We give out the term’s list at the beginning of each term (or again as required – some children already know first 100 on our list now). Every class also sends a small piece of paper (1/6 of an A4) to every child every week with their sight words for that week, to place on the fridge (we call them “Fridge Words”).
Has worked well so far.
We base our spelling program on the THRASS chart. This way students come to realise the same sound can have lots of different spelling. Basic sight words come from Mioow and Oxford word lists.
If you are not in a school the Magic 100 words and the More Magic Words (200 of the most used words in the english language) are excellent – not expensive and you can make up lots of activities prior to starting in the class.
Most important, as someone has also mentioned, is that children learn that letters can have different sounds – use lots of books to demonstrate this. Don’t just focus on one program like Jolly Phonics as I have also heard some negative comments about this.
In our school we use the Magic 100 words and we also use LetterLand. The kids seem to love this program.
At my school we use THRASS as the basis for our spelling programme. We focus on a phoneme per week. Apart from the common spellings for phonemes, we teach the less common as well. First Steps has some great ideas for day to day teaching. Our students use spelling journals. With sight words, we use the THRASS hotwords. I also use the Oxford list.
We use this program called Sound Waves. I’m a NSW teacher and love it. The kids get so excited when I tell them its time for Sound Waves!

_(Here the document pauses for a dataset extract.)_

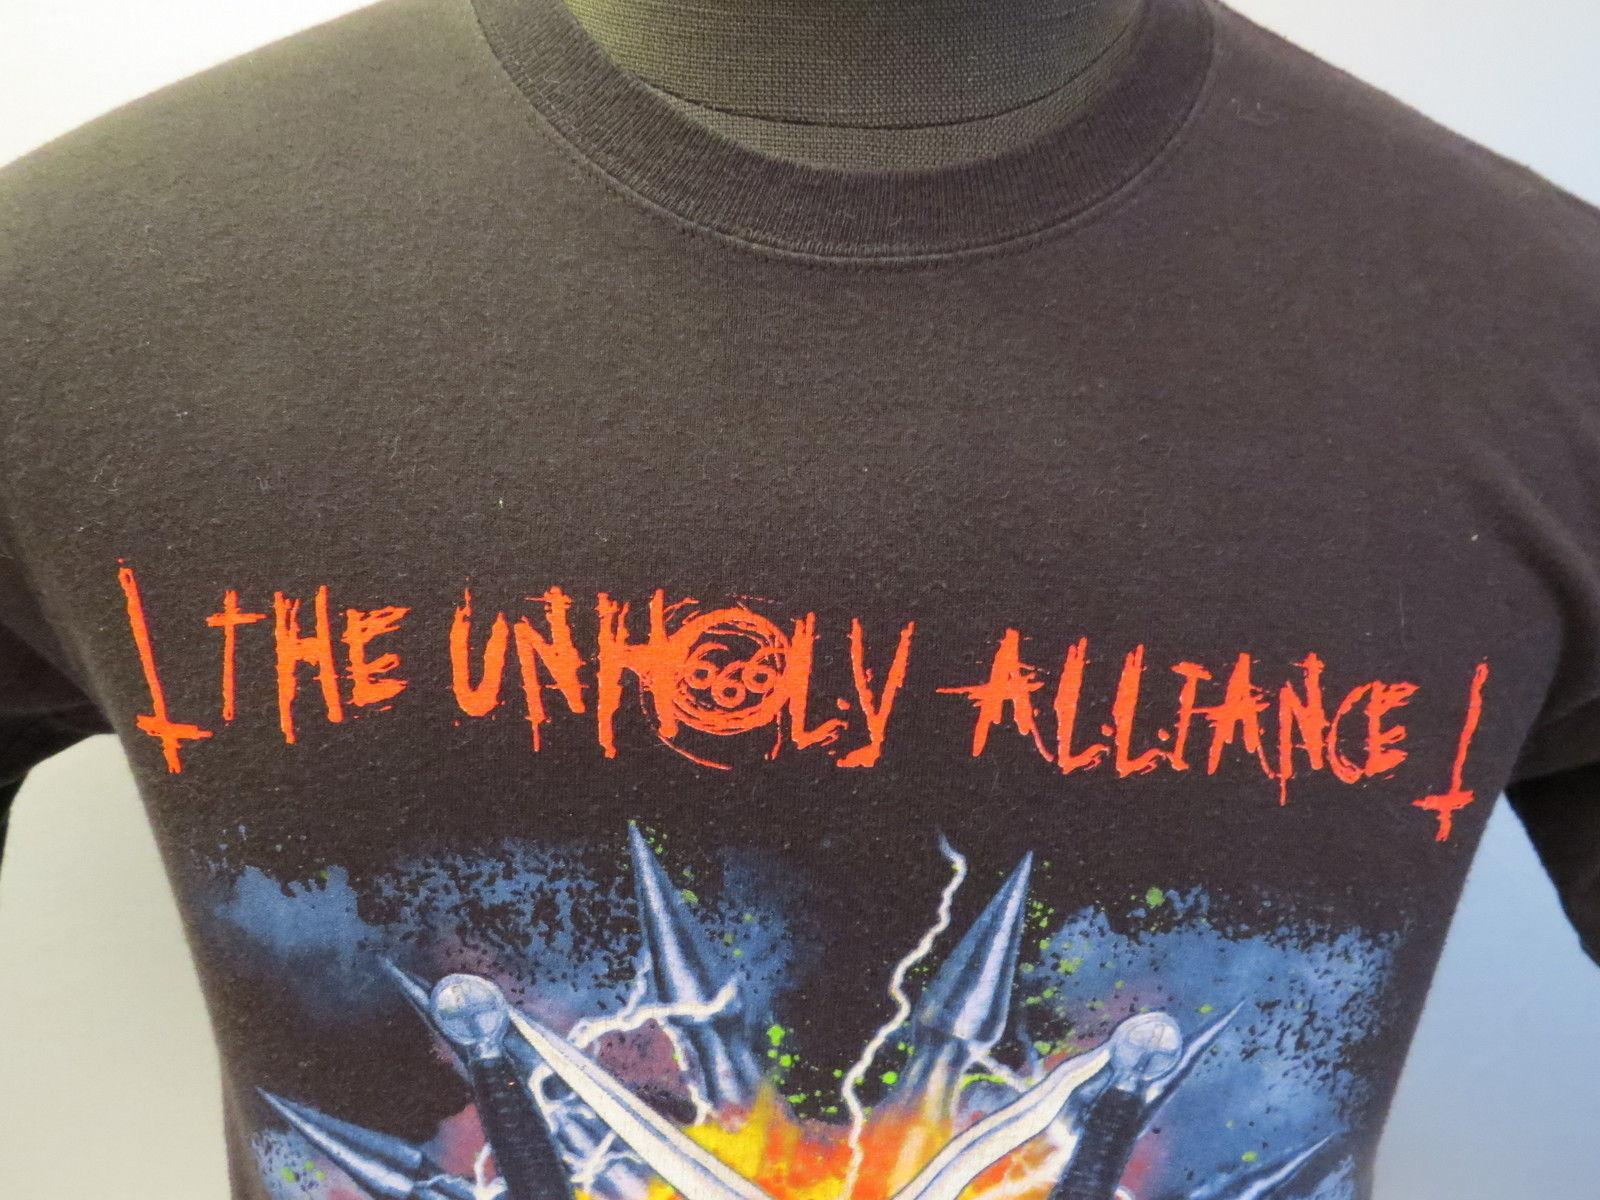 The Unholy Alliance Tour (Slayer) Shirt - 2006(66) Tour - Men's Small

My year 2’s love the chant and actions, and there are picture icons for all the sound boxes. This is great for my kids as they receive a picture prompt to trigger their memory for my visual learners, and the chant and actions where we sing the sounds are best for my auditory and kinesthetic learners.
Great word lists and games for each unit (one sound per week). Best part is the Teacher book – it has great games and ideas, and explains your weekly teaching episodes. There is a also a CD with BLMs of word matchup games, word activities and extension and craft proformas.
I have only been teaching for a few years and was never trained about how to teach phonics and this program has made myself and my students so excited about phonics!
Jolly Phonics and Jolly Grammar are THE best!!!!!!
We are started using it at our school this year and our Pre Primary children are about 12 months ahead of where they were last year and we are only up to term 2. Parents love it and children LLOOOOVVVEEEEE it!!! It is awesome and all set out ready to go. Not expensive either.
Our school uses Jolly Phonics in our Prep/Year 1 classes and in my 30 years of teaching this is the best programme I have come across for children learning the sounds that letters make. Our Prep children are well ahead in their ability to hear and record sounds, the important components in learning to write and read. They can’t wait to have the Jolly Phonics CD on and show us how clever they are – and then to see them using their new knowledge and learning in their beginning writing is reward in itself.